Notaire ou avocat : que change la loi du 25 juin 2026 ?

Une cession actions SAS n'obéit plus aux mêmes règles de forme depuis le 27 juin 2026 lorsque la société est à prépondérance immobilière : elle doit alors être constatée par un acte qualifié, à peine de nullité. La loi n° 2026-534 du 25 juin 2026 relative à la lutte contre les fraudes sociales et fiscales, publiée au Journal officiel du 26 juin 2026, a créé un article 1865-1 dans le Code civil (article 68 de la loi, Légifrance).

Le texte est explicite. « À peine de nullité, la cession de parts sociales ou d'actions d'une personne morale à prépondérance immobilière, au sens du 2° du I de l'article 726 du code général des impôts, est constatée par » l'un des trois actes suivants : un acte authentique (notaire), un acte contresigné par avocat au sens de l'article 1374 du Code civil, ou un acte sous signature privée rédigé par un expert-comptable, dans les seuls cas où celui-ci est légalement habilité à le rédiger. Le notaire n'est donc pas un passage obligé : l'acte contresigné par avocat est une voie admise au même titre que l'acte authentique.

Trois points méritent votre attention avant toute cession actions SAS :

  • Le champ vise les actions, pas seulement les parts de SCI. L'article 1865-1 s'applique à toute « personne morale à prépondérance immobilière » : une SAS dont l'actif est, ou a été au cours de l'année précédant la cession, principalement constitué d'immeubles ou de droits immobiliers situés en France est concernée au même titre qu'une SCI. La cession actions SAS bascule alors dans le régime de l'acte qualifié. Le mécanisme est détaillé sur notre page cession de parts de SCI.
  • La sanction est la nullité de la cession. Le texte dit « à peine de nullité », sans préciser son régime : pour comprendre ce que cette sanction peut recouvrer en pratique, lisez notre analyse de la nullité d'une cession de parts de SCI, transposable à une cession actions SAS.
  • La voie déclarative sans acte est fermée pour ces sociétés. Le nouvel article 635-0 A du CGI subordonne l'enregistrement de ces cessions « à la présentation de la copie de l'acte authentique ou de l'acte contresigné par avocat ou, le cas échéant, de l'acte sous signature privée rédigé par un expert-comptable ». Impossible, donc, de déclarer une cession actions SAS par le simple formulaire 2759 quand la société est à prépondérance immobilière.
Création ou cession, ne confondez pas : l'article 1865-1 du Code civil ne vise que « la cession de parts sociales ou d'actions » d'une personne morale à prépondérance immobilière. Il n'ajoute donc aucune exigence de forme à la constitution d'une société, fût-elle immobilière : c'est la cession des titres, conclue à compter du 27 juin 2026, qui suppose l'acte qualifié à peine de nullité. La nouvelle exigence porte sur la cession actions SAS elle-même, pas sur la création de la société.

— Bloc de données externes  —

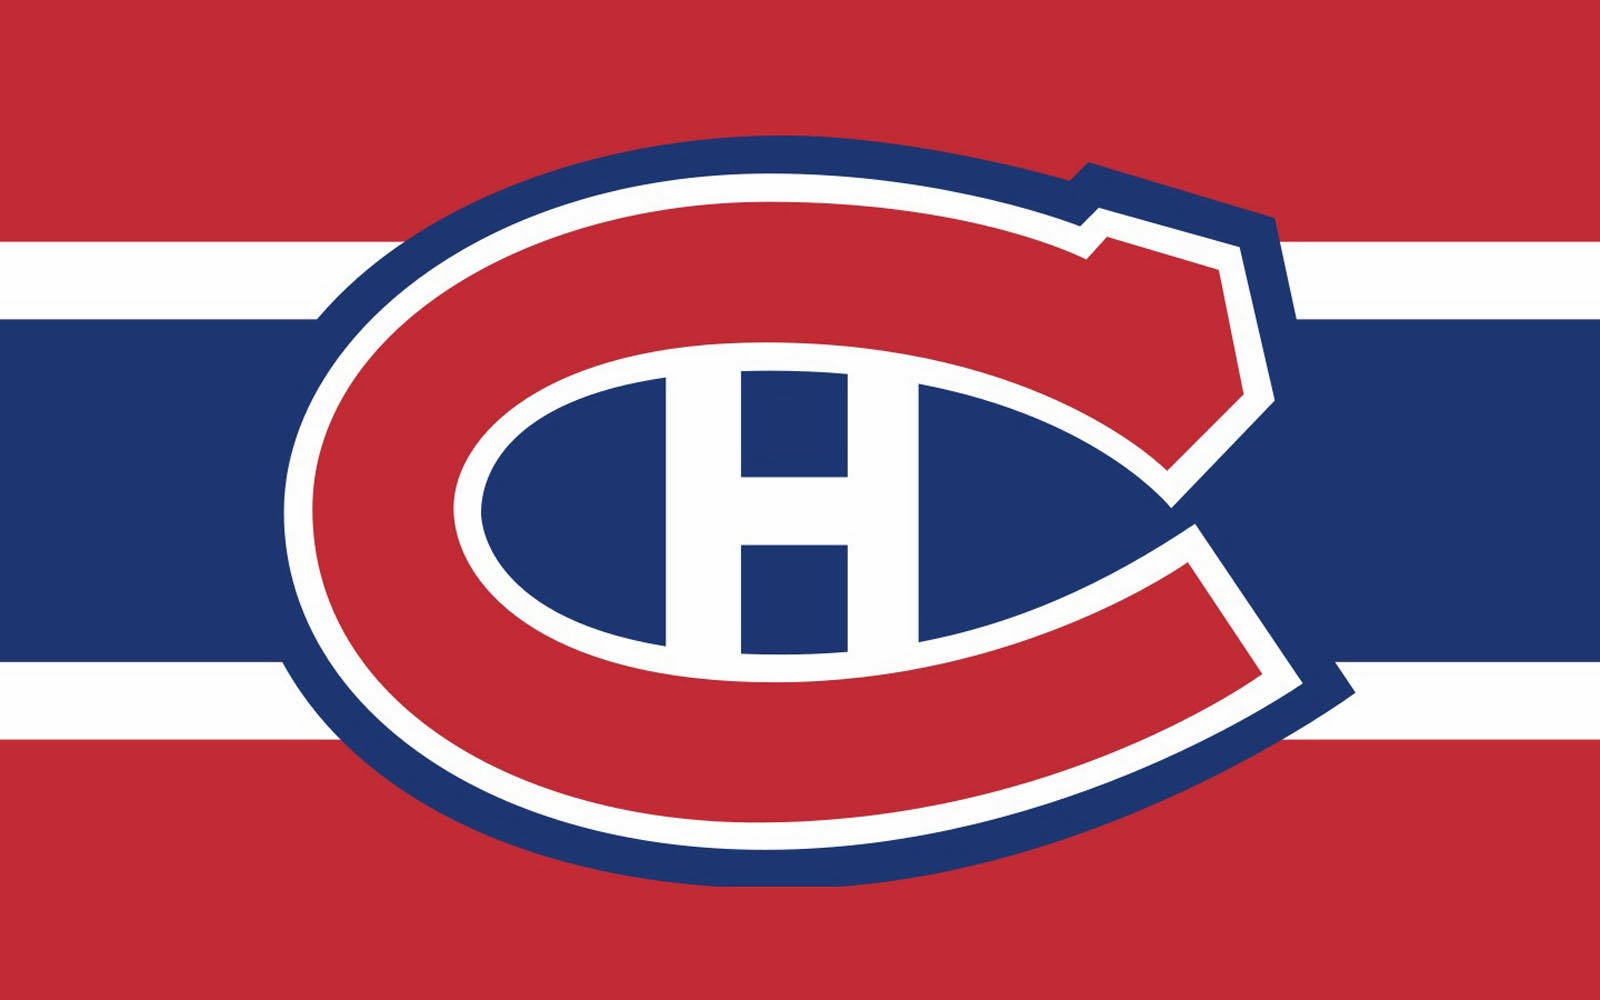 Montreal Canadiens Wallpapers Montreal Canadiens Desktop Wallpapers 1600x1000

Pour la grande majorité des SAS opérationnelles (commerce, services, tech), dont l'actif n'est pas principalement immobilier, rien ne change : la cession reste libre dans sa forme. Mais le test de prépondérance immobilière s'apprécie au jour de la cession ou sur l'année précédente : une holding qui détient des locaux à son actif peut entrer dans le champ de la réforme sans que ses associés s'en doutent. Avant de signer, faites donc vérifier si votre société y entre.

Si elle y entre, vous n'avez pas à prendre rendez-vous chez un notaire : l'acte contresigné par avocat est inclus dans l'accompagnement Actav, il vaut acte qualifié au sens de l'article 1865-1 du Code civil, et toute l'opération se règle 100 % en ligne, jusqu'à la signature électronique sur la plateforme du Conseil national des barreaux. C'est l'avocat que vous avez choisi qui rédige et contresigne : il reste seul responsable de l'acte.

AGRÉMENT

Cession actions SAS : que disent vos statuts (agrément, préemption) ?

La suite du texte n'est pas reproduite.